What is the least ordinal whose existence can't be proven in ZFC?

 

[lolgarithms]

what is the proof theoretic strenght of zfc? please help, i want to know!

please, hurkyl, don't make me wait!

 

[g_edgar]

Why not research the question elsewhere on the Internet?

 

[Hurkyl]

please, hurkyl, don't make me wait!

What? All I can do is make the obvious guess, and I'm not even sure that's well-defined, let alone the answer you seek.

 

[lolgarithms]

What? All I can do is make the obvious guess, and I'm not even sure that's well-defined, let alone the answer you seek.

if the smallest ordinal that can't be proven is well-defined: what determines that? that a stronger set theory is not known?

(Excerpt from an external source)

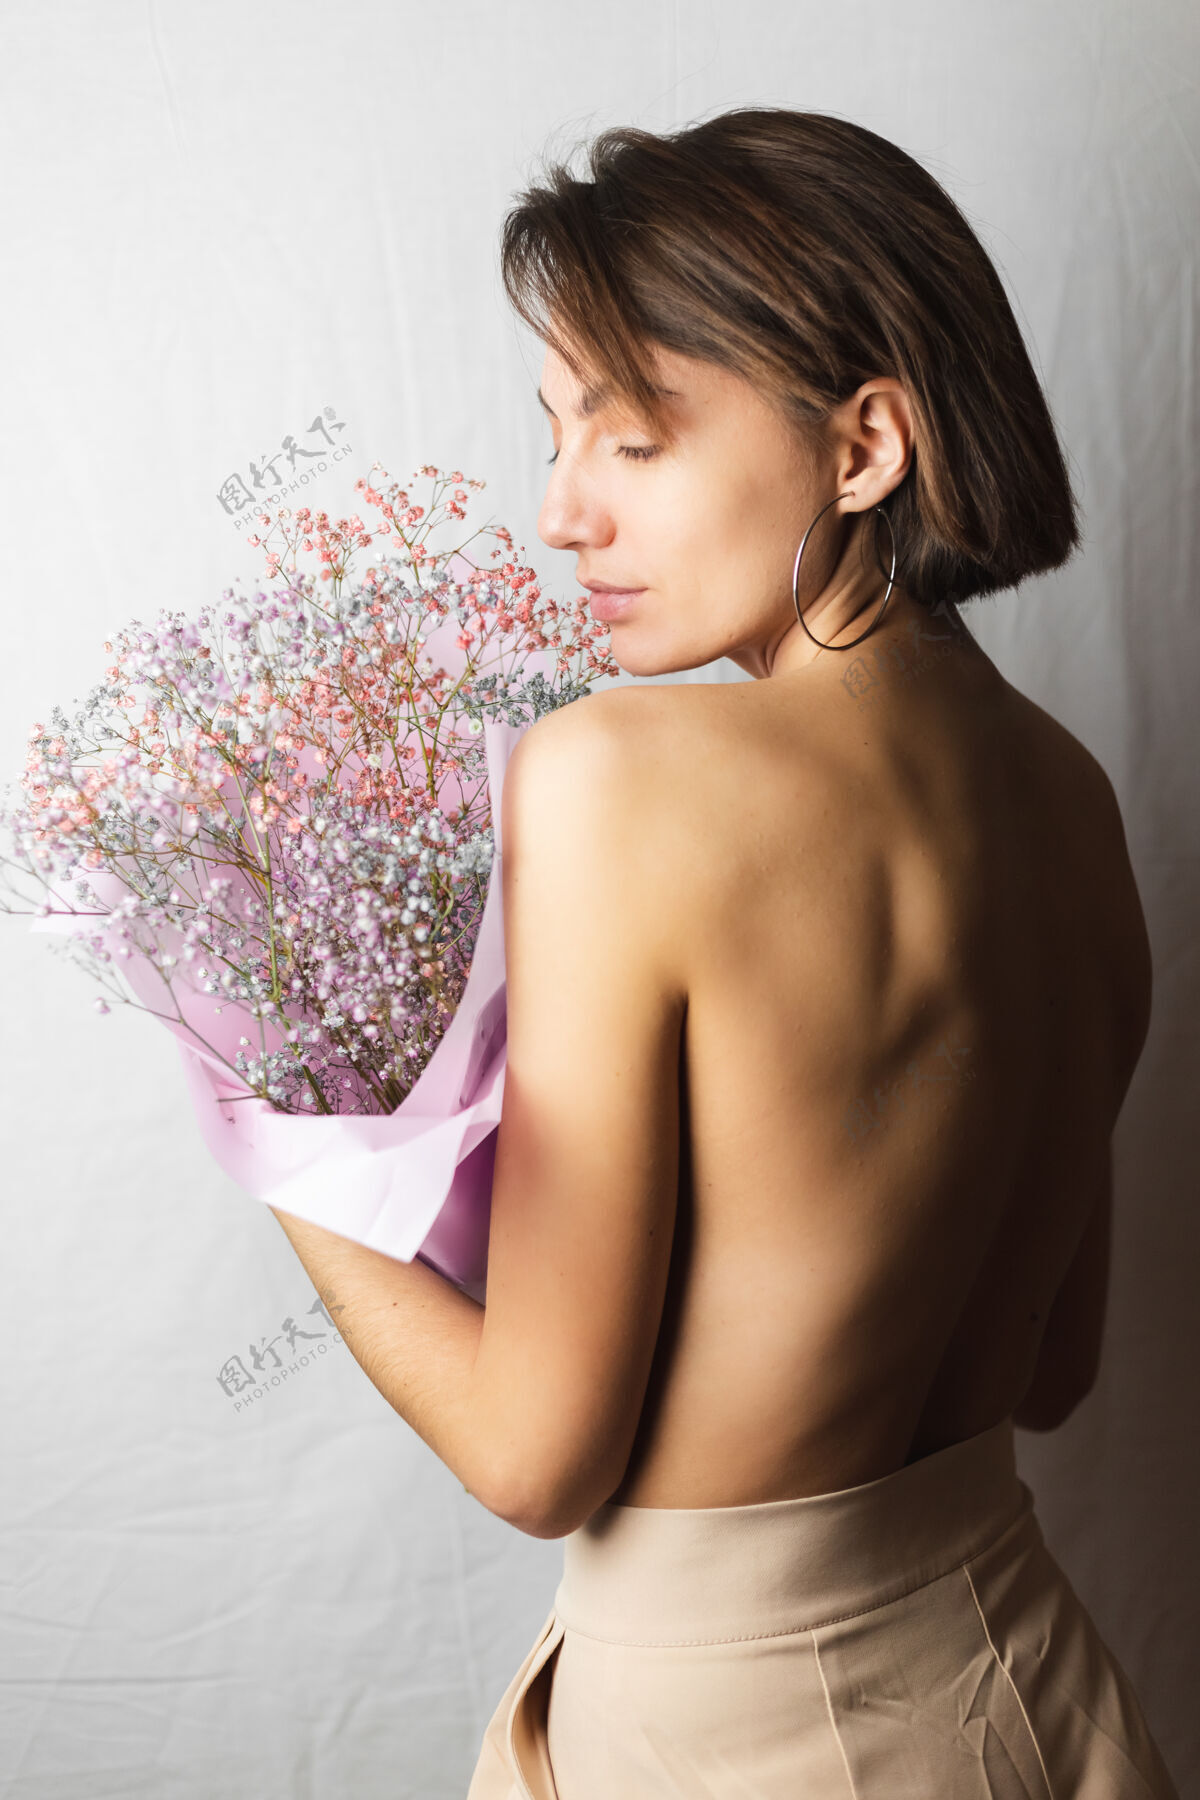 心情一位年轻女子的温柔写照 身穿白色抹布 赤裸上身 手持一束干枯多色的鲜花 微笑可爱 期待春天的到来植物新鲜模特

so we just call the ordinal "the proof theoretic ordinal of zfc"? ok. might not be an oridnal with a name, like kripke-platek ordinal

 

[Hurkyl]

if the smallest ordinal that can't be proven is well-defined: what is the guess?

The obvious guess would (IMHO) be something like the supremum of all of the ordinals in the constructible hierarchy.

However, I'm not sure the question is well-defined: why should "ZFC proves the existence of $\beta$" and "$\alpha < \beta$" should imply "ZFC proves the existence of $\alpha$".

 

[CRGreathouse]

Perhaps it isn't well defined. What is known, then, about the supremum of the set of definable ordinals in ZFC, and the infimum of undefinable ordinals in ZFC?

 

[Hurkyl]

Perhaps it isn't well defined. What is known, then, about the supremum of the set of definable ordinals in ZFC, and the infimum of undefinable ordinals in ZFC?

And that's where the extent of my knowledge ends. Although now that I think about it, the continuum hypotheses probably tells us some interesting information.